The court's conservatives objected to what they saw as an unconstitutional burden on the free speech of privately funded candidates.
" 'Leveling the playing field' can sound like a good thing. But in a democracy, campaigning for office is not a game. It is a critically important form of speech," Chief Justice John Roberts Jr. wrote for the 5-4 majority. "The First Amendment embodies our choice as a nation that, when it comes to such speech, the guiding principle is freedom — the 'unfettered interchange of ideas' — not whatever the state may view as fair."
Justice Elena Kagan disagreed.
"Less corruption, more speech. Robust campaigns leading to the election of representatives not beholden to the few, but accountable to the many," Kagan wrote in her dissent. "The people of Arizona might have expected a decent respect for those objectives. Today, they do not get it."
Supporters of the Arizona law worry that the ruling is part of a trend toward whittling away at campaign finance laws.

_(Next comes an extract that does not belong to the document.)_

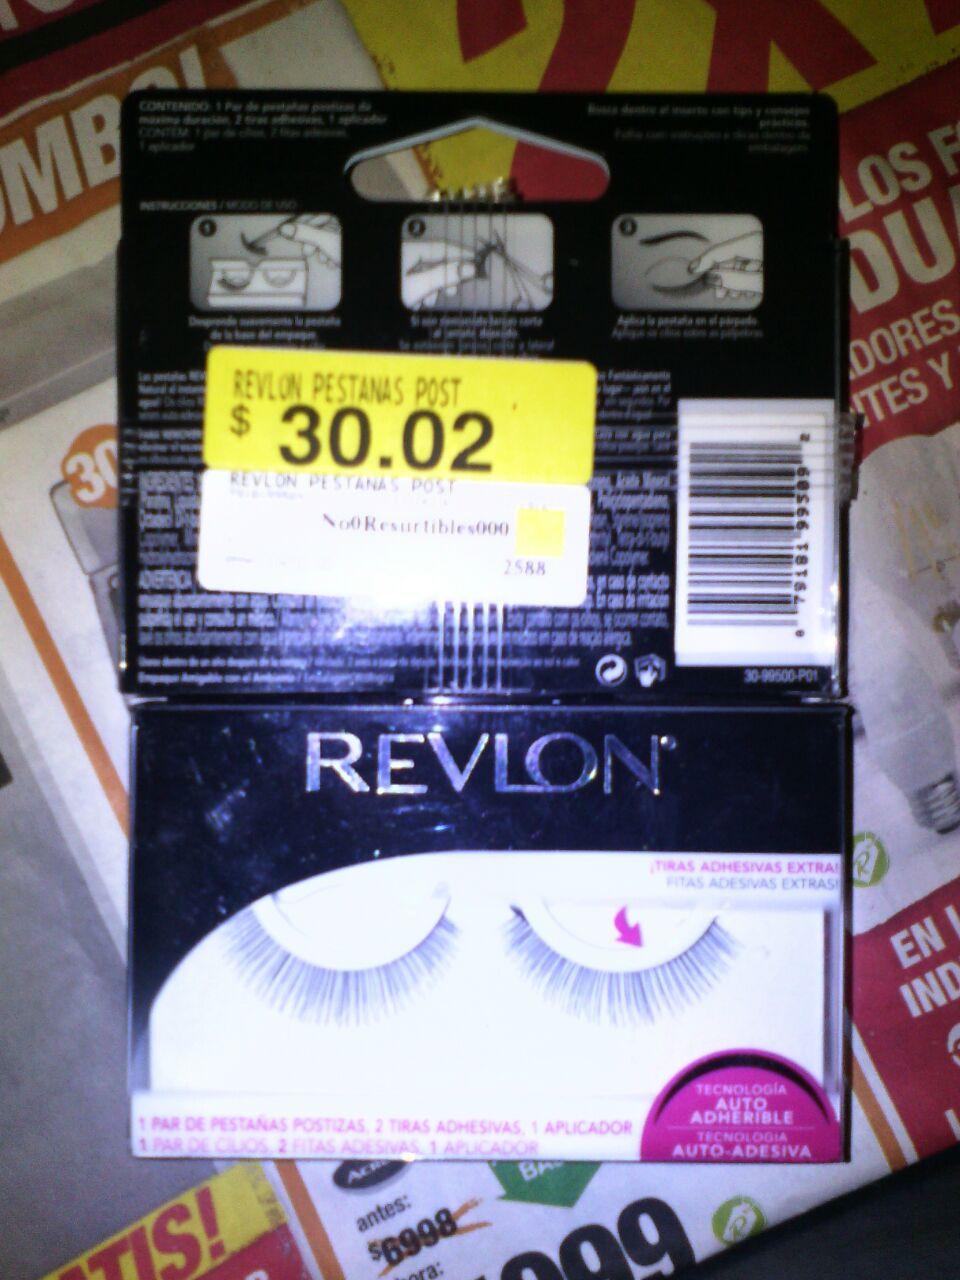 Walmart Universidad Villahermosa: Pestañas postizas Revlon a $30.02

New York University School of Law's Brennan Center for Justice defended Arizona's campaign finance law before the Supreme Court with its pro bono counsel Munger, Tolles & Olson LLP.
"Unfortunately, this is the latest recent example where the court has struck down long-standing laws designed to curb the corrupting role of large campaign contributions," said Michael Waldman, the executive director of the Brennan Center for Justice.
Senate Minority Leader Mitch McConnell, R-Ky., a longtime opponent of campaign finance restrictions, praised the ruling.
"This was a case that went to the very heart of free speech liberties and the court's disapproval of legislative favoritism," McConnell said. "It was the view of the Supreme Court, which I share, that the Arizona statute substantially impinges on the fundamental right to engage in political speech without the government penalizing someone for it."